In Rare Action, Police in Pakistan Save Christian Couple Accused of Blasphemy from Mob Attack

Jul 07, 2015 11:39 AM EDT

Police in Pakistan generally fail to step in and save Christians from attacks by Muslims thanks to the country's hardline blasphemy laws. However, the police have broken tradition and intervened this time.

According to a report from Reuters, Pakistani police have arrested a Muslim cleric who was accused of leading a mob trying to kill a Christian couple for supposedly destroying the Koran in the city of Lahore. The arrest is highly unusual, given that those accused of blasphemy in Pakistan are sometimes killed on the spot.

"I told him I would not register a case because no blasphemy has been committed," police officer Sohail Zaffar Chattha said in a telephone interview. "But I have registered a case against the cleric and 400 others for inciting violence and endangering the lives of the couple."

Reuters reported that the couple, Owais Masih and his wife, was attacked by about 500 people after a neighbor accused them of sleeping on a plastic sheet with verses of the Koran written on it. Police intervened and took the couple to an undisclosed location.

"The mob meant business. They wanted to kill them right there," Chattha said. "And all because they are poor, illiterate people who didn't realize that a line from the Koran was written on a sheet they had purchased."

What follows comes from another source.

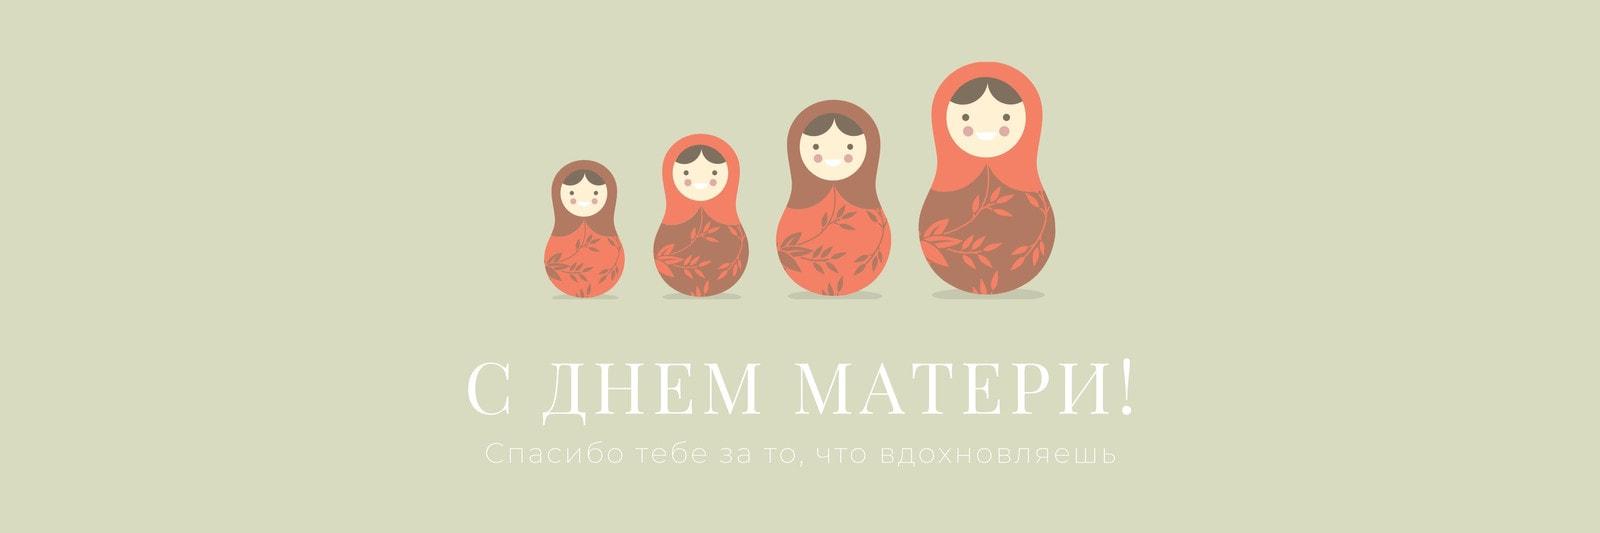 Оливковый Иллюстрация День Матери Заголовок Электронного Письма

Pakistan, which is mostly Muslim, punishes blasphemy by death. However, Reuters reported that such charges are hard to fight because the law fails to clearly outline what is considered blasphemous.

"Even presenting the evidence in court can sometimes itself be considered a fresh infringement," Reuters wrote. "Last year, a British man with a history of mental health illness was sentenced to death for blasphemy."

According to a report from Catholic News Agency, the attack took place in the village of Makki in Punjab province on June 30. Christian human rights lawyer Nadeem Anthony praised the police intervention, adding that continued enforcement would discourage "the elements who take the law into their own hands."

"The Legal Evangelical Association Department, an interdenominational Pakistan-based Christian human rights NGO, on July 2 described Pakistan's anti-blasphemy laws as 'continually misused' against 'the poor and defenseless Christians of Pakistan,'" Catholic News Agency wrote.

Reuters reported that Christians make up 4 percent of Pakistan's population. Christians and other minority groups in the country have complained that the state fails to protect them from violence.

"Many of those accused of blasphemy are murdered, and advocates of changing the law are also targeted by violence," Catholic News Agency wrote. "In 2011 the Punjab governor Salmaan Taseer, a Muslim critic of the blasphemy laws, was assassinated. Shahbaz Bhatti, a Catholic and the only Christian in Pakistan's cabinet, was also assassinated the same year by militant supporters of the blasphemy laws."